The Saratoga Sun -

Landing fees get off the ground

Saratoga airport collects $900 in landing fees during a not particularly busy week


October 17, 2018

The Saratoga Airport Board, minus chairman Lance Grubb, heard updates from airport manager Bob Maddox on newly implemented landing fees as well as a report on the asbestos in the defunct terminal tower at Shively Airfield during their regularly scheduled meeting at 1 p.m. on Oct. 10 at the Saratoga Town Hall. There was also a brief update on the perennial issue of hangar leases. In Grubb’s absence, vice-chair Arlen Hughes ran the meeting.

After making the decision to begin charging fees similar to the Ralph Wenz Airport in Pinedale and working with the Saratoga Jet Center on the logistics, the charging of both landing fees and overnight fees began on the first of the month.

“As of yesterday, we’ve collected $900 in landing fees and $160 in overnight fees for the first nine days of the month,” Maddox told the board.

The amount of money raised through landing fees in just the first nine days of October impressed the members of the board, especially as the busy season for Saratoga Jet Center has passed with the end of summer. Currently, the fixed based operator is running all credit cards through their own system and communicating with Suzie Cox, Saratoga town clerk.

“I think, at least for a while, let’s keep doing what we’re doing right now,” said Maddox.

As discussion around landing fees continued, Maddox raised a concern in regards to regular users of the airport who did not own a hangar and flew in using NetJets. NetJet is a company that sells part ownership in private business jets and was founded in 1964, but many could compare it to more contemporary programs such as Uber or Lyft and their ridesharing programs.

According to Maddox, he was concerned with the NetJets being charged the landing fee, especially with some of the regular users of the airport who use the program being donors.

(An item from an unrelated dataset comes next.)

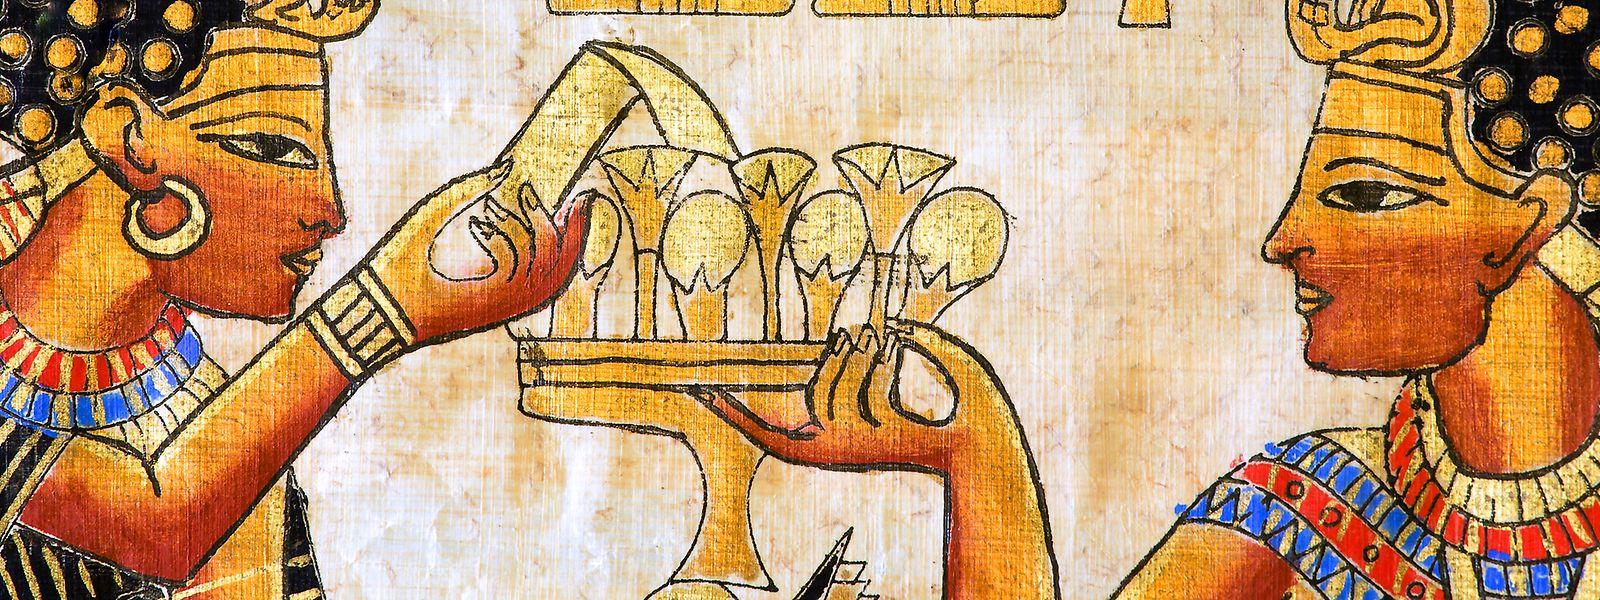 Die Ägypter haben schon vor 6000 Jahren fleißig Bier gebraut und getrunken.

“If you look at the landing fee specification by the Federal Aviation Administration (FAA), we have to be non-discriminatory,” said board member Ellie Dana, “so we were matching to what Pinedale did because it was pre-approved by the FAA. So, NetJet, making them the exception just because there’s a donor behind it, would break our covenant with the FAA. Basically, what we’re saying is ‘You’re a commercial provider and you will pay the landing fee if you’re a jet.’”

Further discussion led to the board voting to rescind the overnight fees as Saratoga Jet Center was already charging aircraft owners and users for temporary storage. Along with the discussion of landing fees, the board also discussed the fate of the terminal tower and the results from an asbestos report done on the building.

“They did find some asbestos in the tile and the ceiling texture and basically gave us a price to remove that. Once they remove that, you can demo the building as is,” Dan Ferrin, town zoning officer, informed the airport board.

The cost of removing asbestos would be approximately $17,000 with another approximately $18,000 for the demolition of the terminal. Hughes asked Dave Schultz, of Sage Civil Engineering, if there was grant money available for removal of the asbestos in the building.

“There is, but WYDOT (Wyoming Department of Transportation) has indicated that they would like to see us do a removal and then a demo project as opposed to just the asbestos removal,” said Schultz.

While there was some discussion over whether the town would actually want to keep and rehabilitate the old terminal, town council representative Richard Raymer shared his opinion on the matter.

“From a construction standpoint, I know, probably, it’s going to cost as much or more money to rehab as it would to replace. The nostalgia of the building is the only value,” stated Raymer.

More discussion regarded what kind of grant split the town should apply for. While a 60/40 split is the norm for most grants, Schultz suggested that the Town of Saratoga write a letter of hardship and apply for a 90/10 split. The difference in the share that the town would have to pay would be $3,500 versus $14,000.

The board voted to apply for a 90/10 grant along with a letter of hardship after Schultz informed them that the grant wouldn’t be rejected, but that WYDOT would inform the municipality what they could afford when it came to splitting the grant.

Finally, before entering a 13 minute executive session, the board informed hangar owners present that a recent letter submitted by Andy van Tol with suggestions was still being reviewed by the town attorney, Kylie Ebersole. The board also informed David Worthington that, since his most recent piece of correspondence submitted at the last meeting was through his attorney, they would no longer be engaging in public discussion in regards to hangar leases without their own representation present.

The next meeting of the Saratoga Airport Board will be at 1 p.m. on Nov. 14 at the Saratoga Town Hall.